* Problem description
Type out the lines below exactly, pictures excluded.

[[ Recorded information open ]]

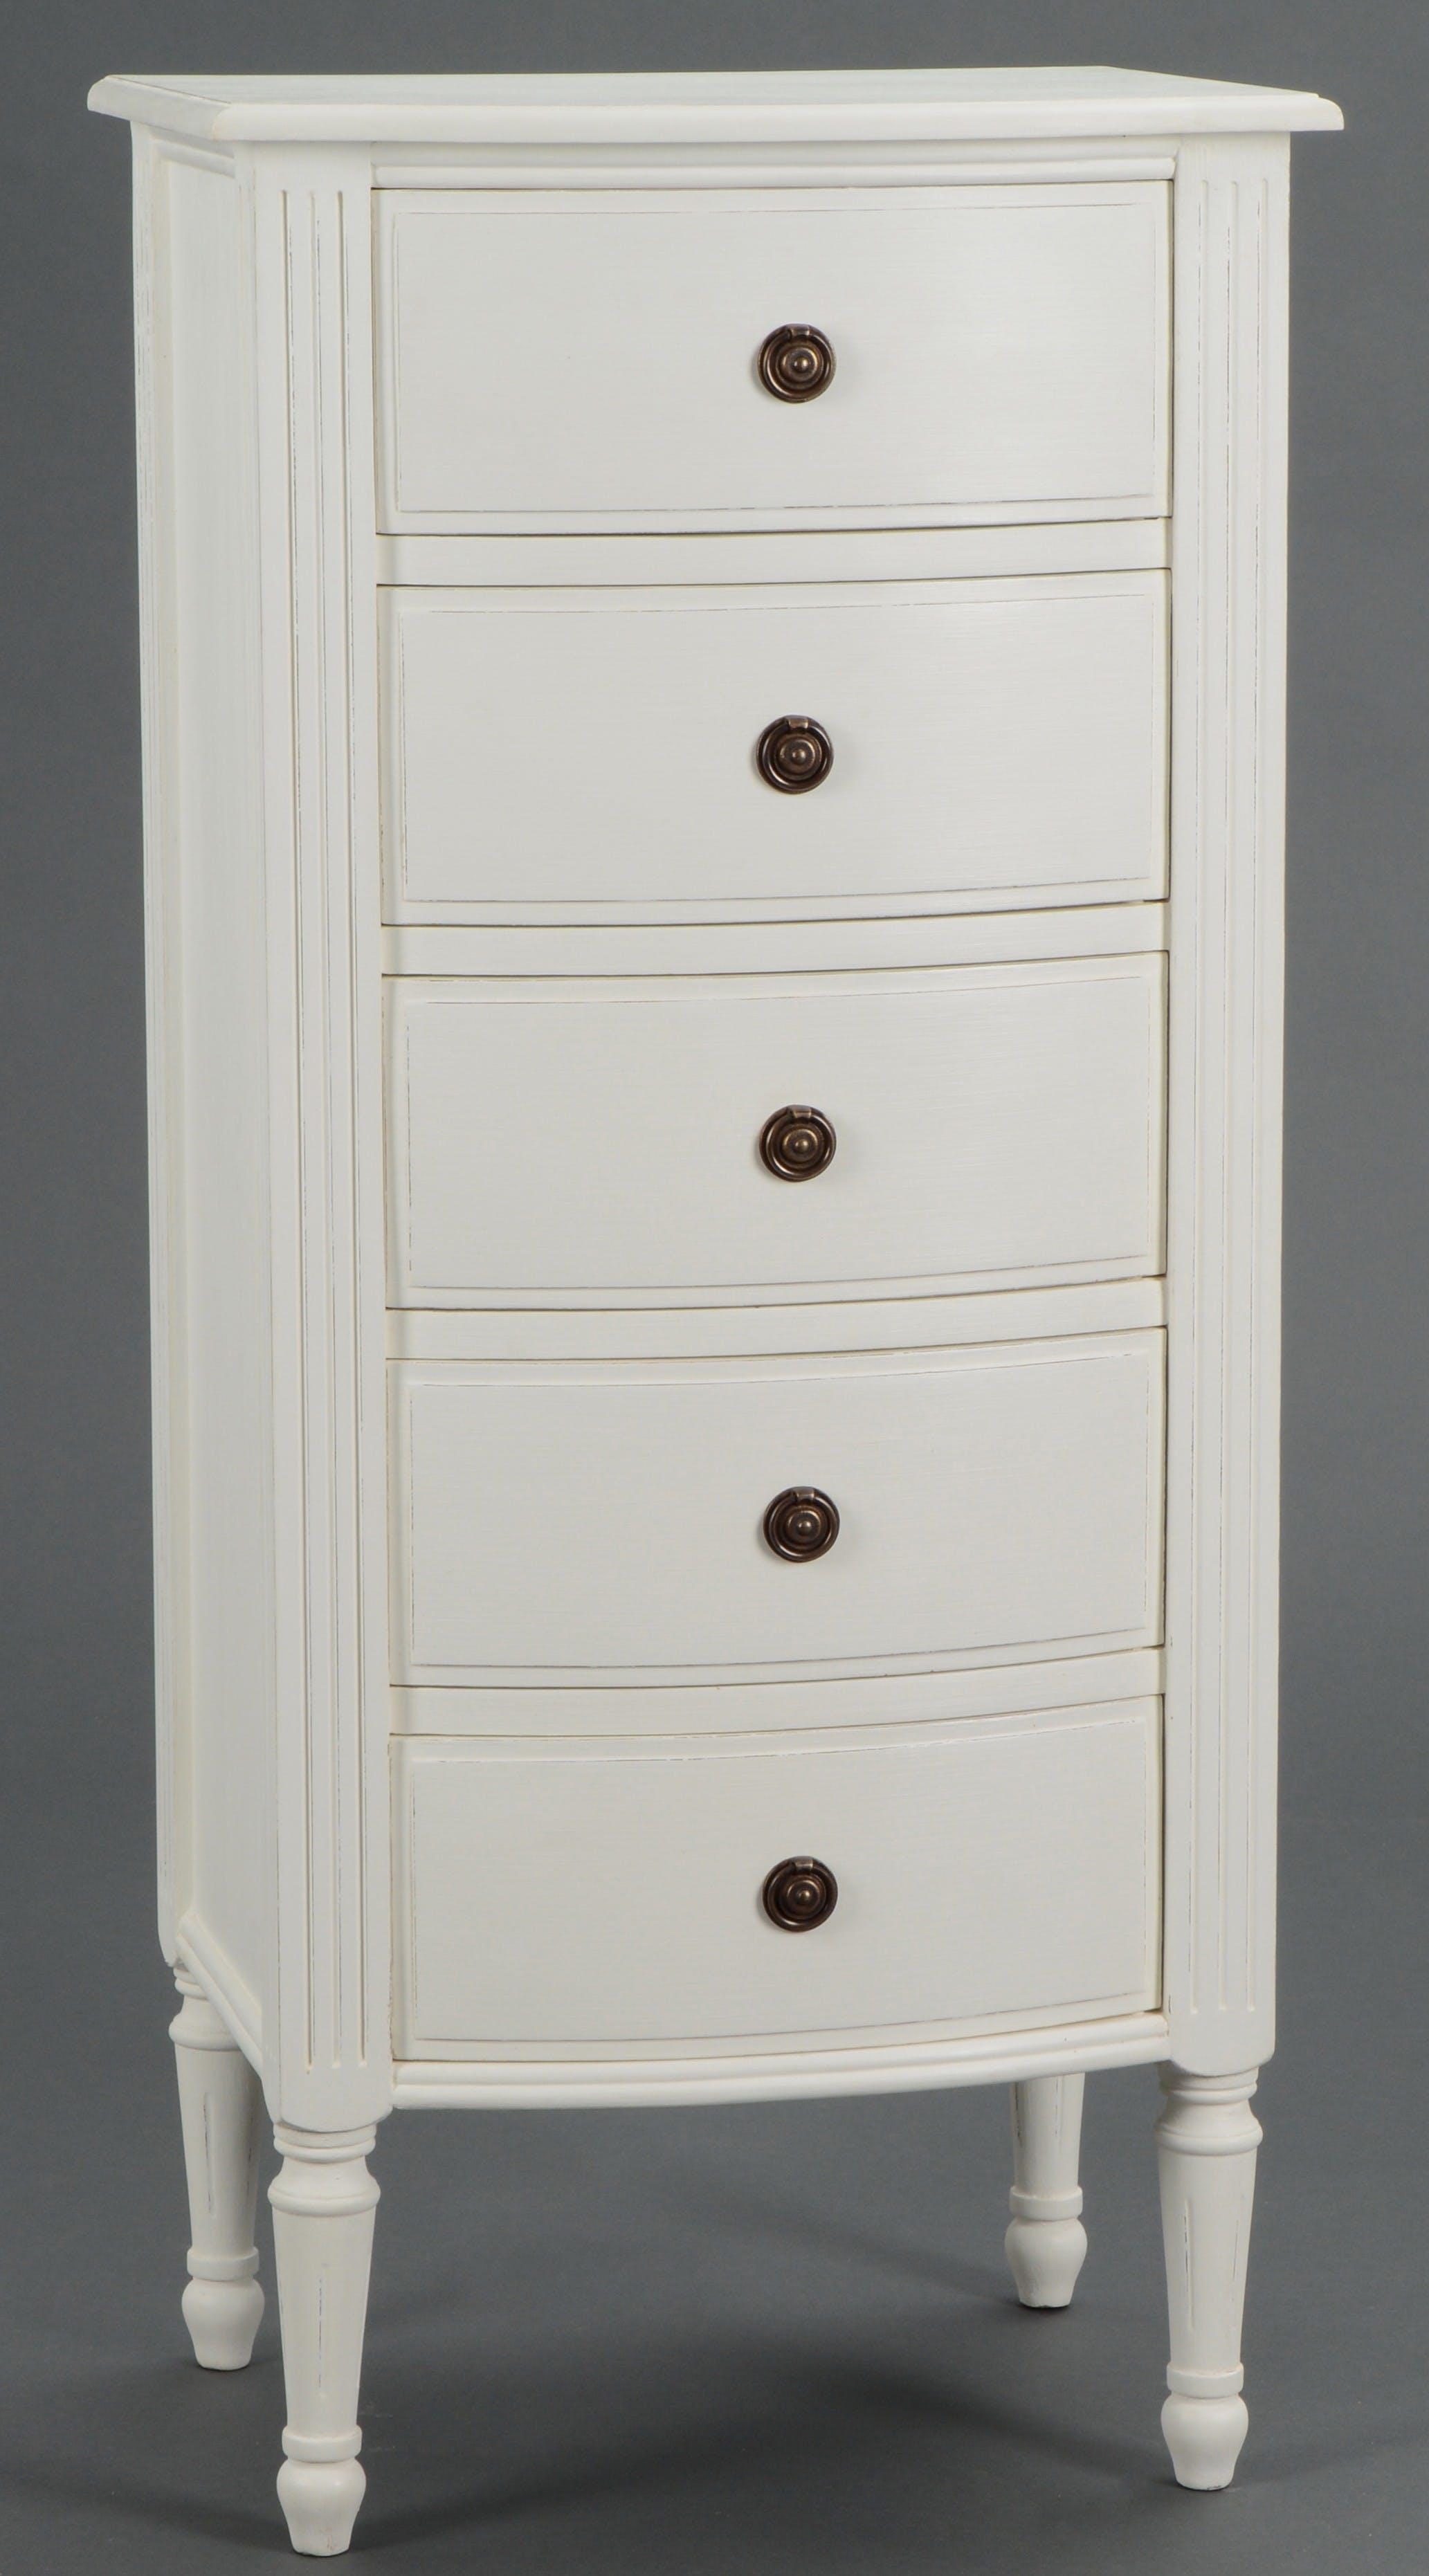 Chiffonnier Classique Chic  5 tiroirs AGATHE L 50 X P 40 X H 110 Blanc Antique AMADEUS
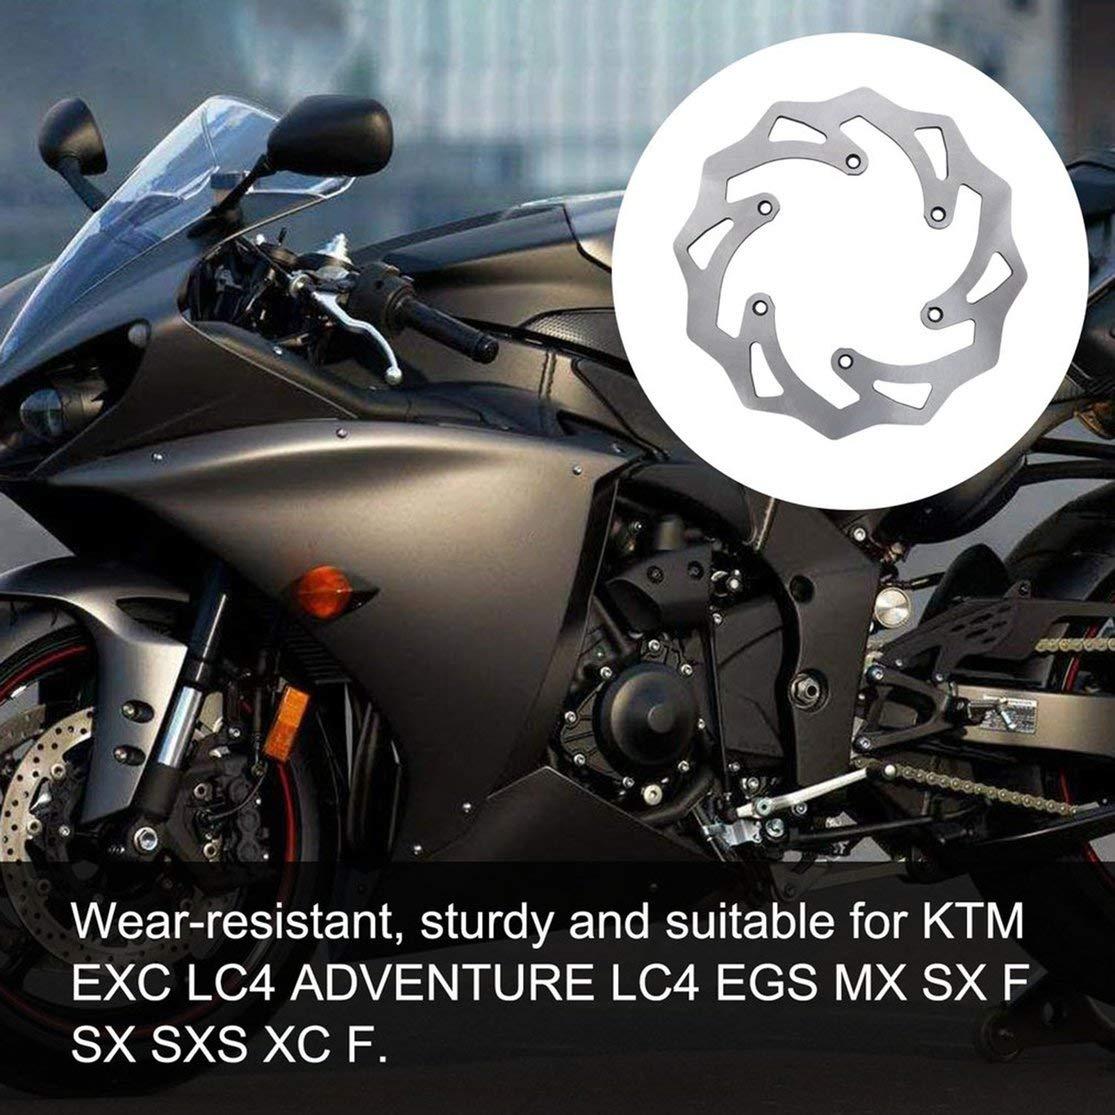 LouiseEvel215 Motorrad Bremsscheibe Rotor Hinten F/ür KTM Exc Lc4 Abenteuer Lc4 Egs Mx Sx F Sx Sxs Xc F Bester Ersatz
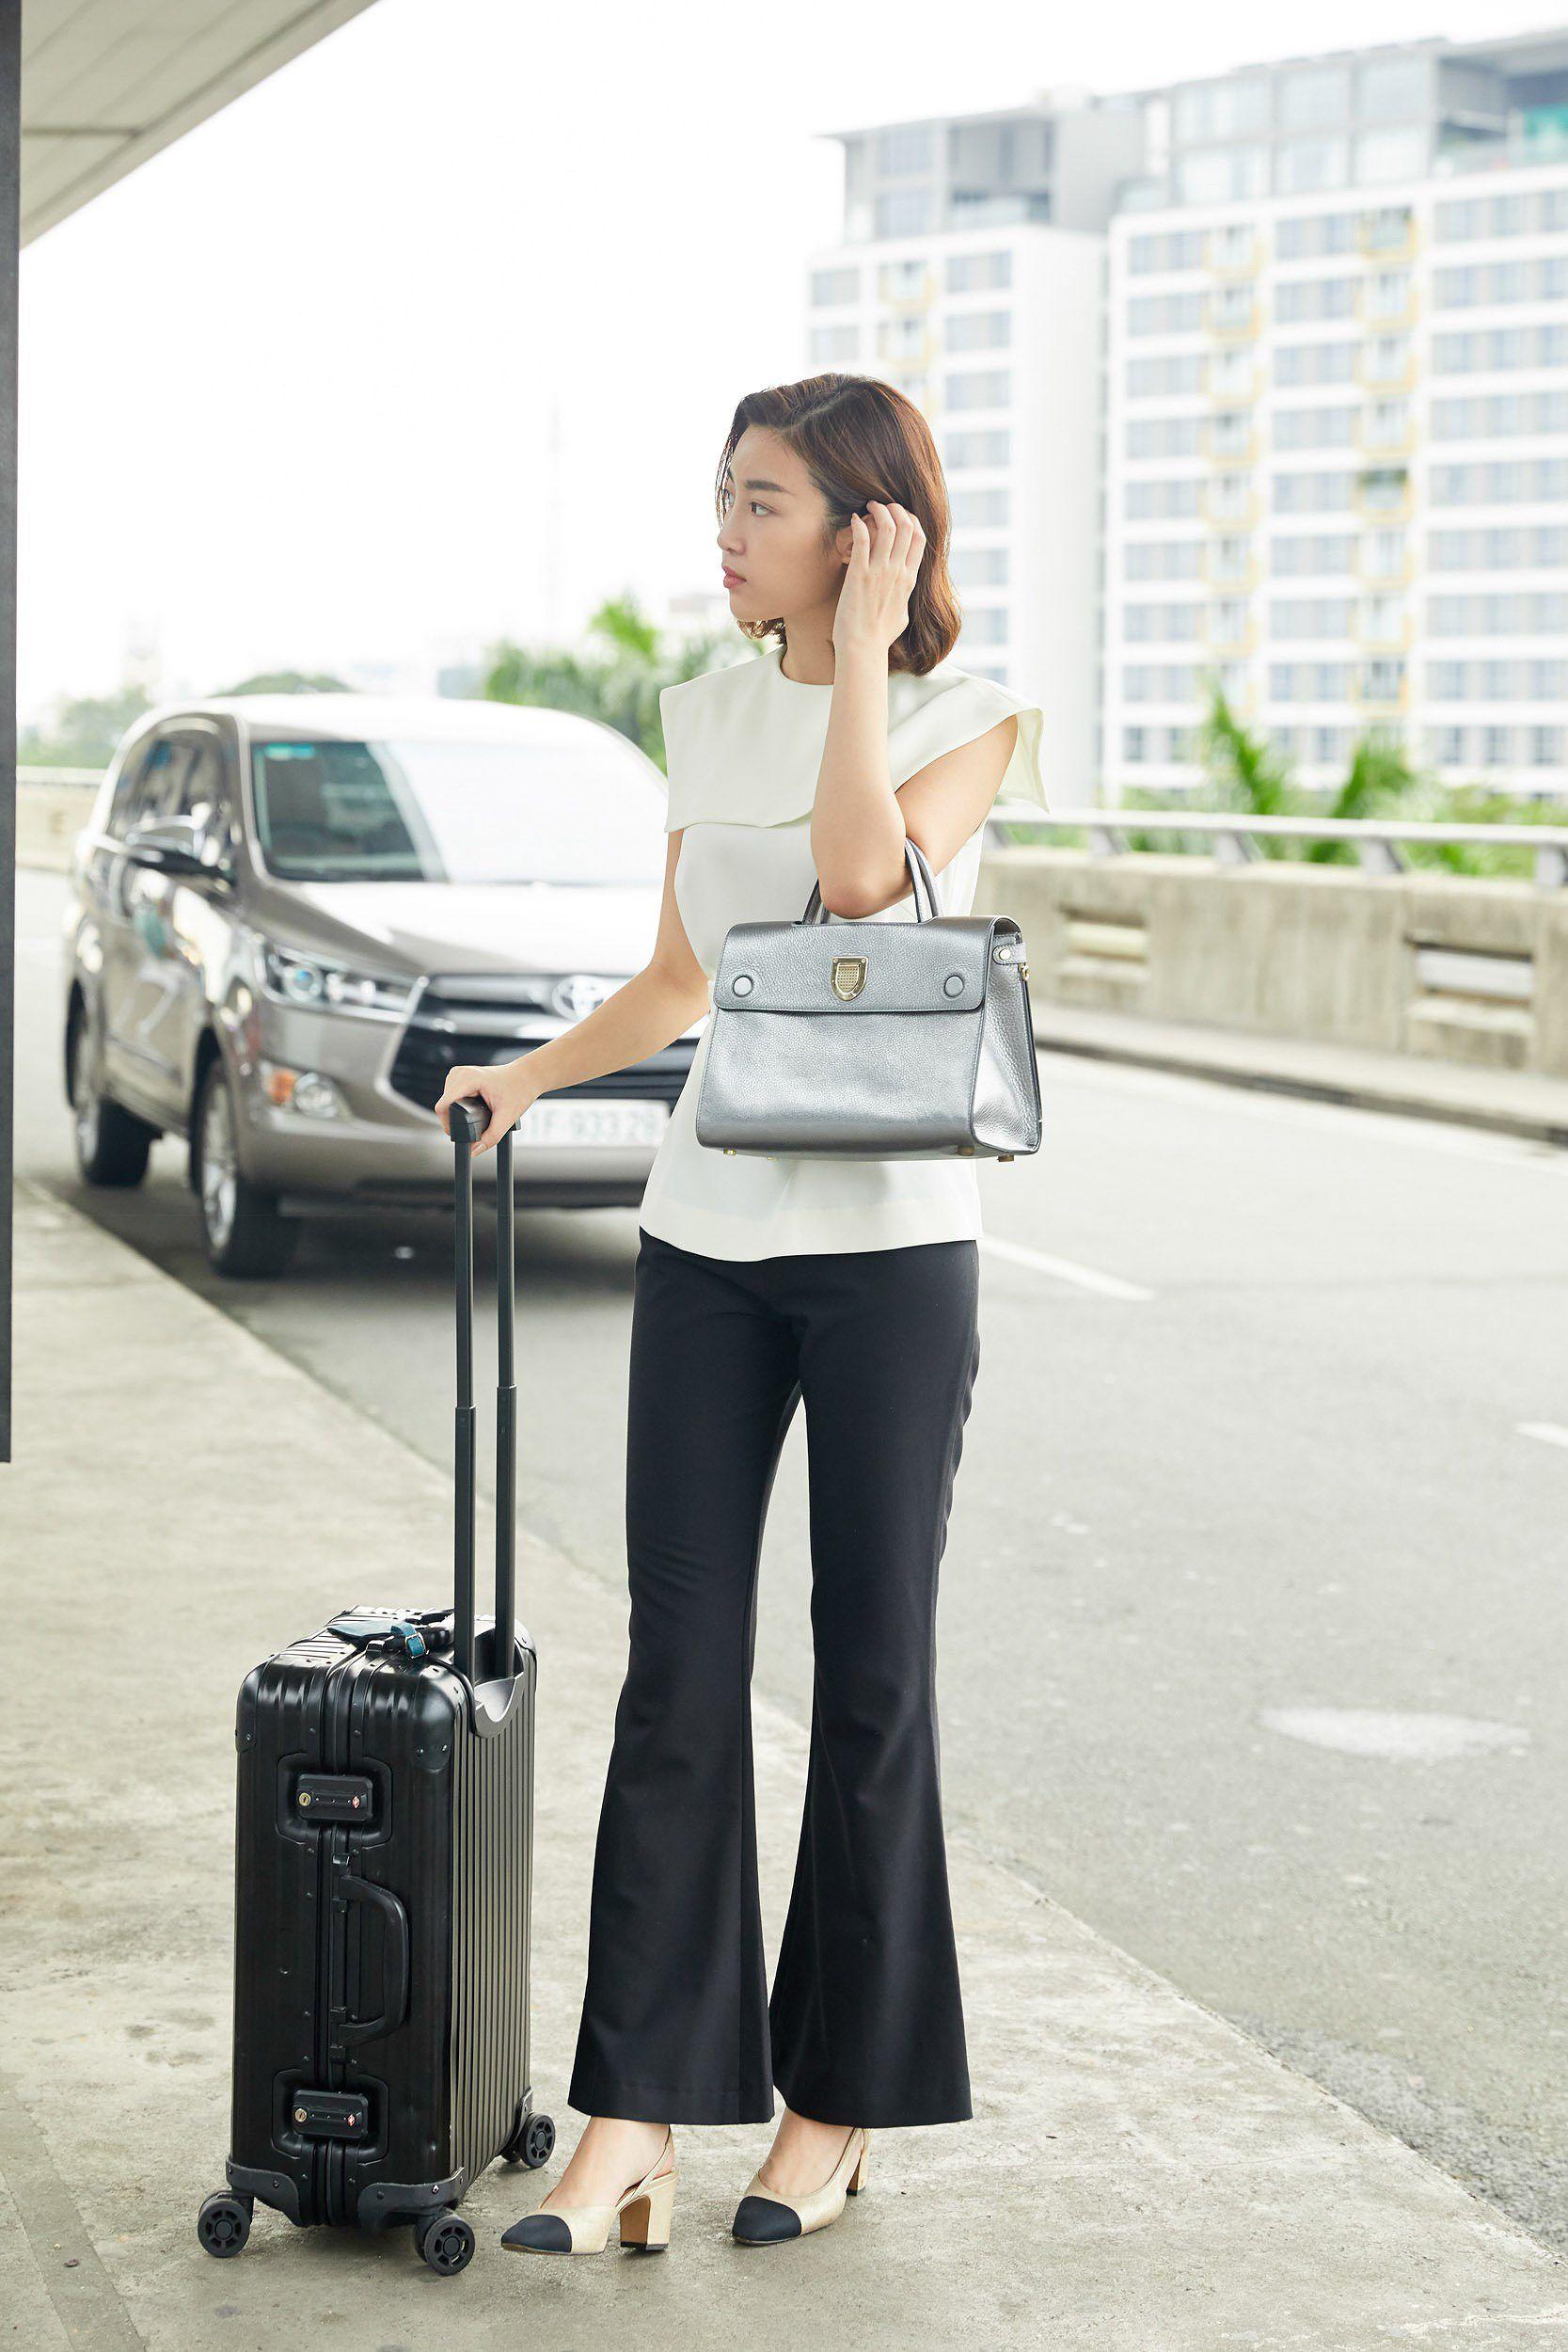 Hoa hậu Đỗ Mỹ Linh và Phương Ly đọ mặt mộc xinh đẹp tại sân bay Ảnh 3

[[ Recorded information closed ]]

* Exercise response
 Chiffonnier Classique Chic  5 tiroirs AGATHE L 50 X P 40 X H 110 Blanc Antique AMADEUS
 LouiseEvel215 Motorrad Bremsscheibe Rotor Hinten F/ür KTM Exc Lc4 Abenteuer Lc4 Egs Mx Sx F Sx Sxs Xc F Bester Ersatz
 Hoa hậu Đỗ Mỹ Linh và Phương Ly đọ mặt mộc xinh đẹp tại sân bay Ảnh 3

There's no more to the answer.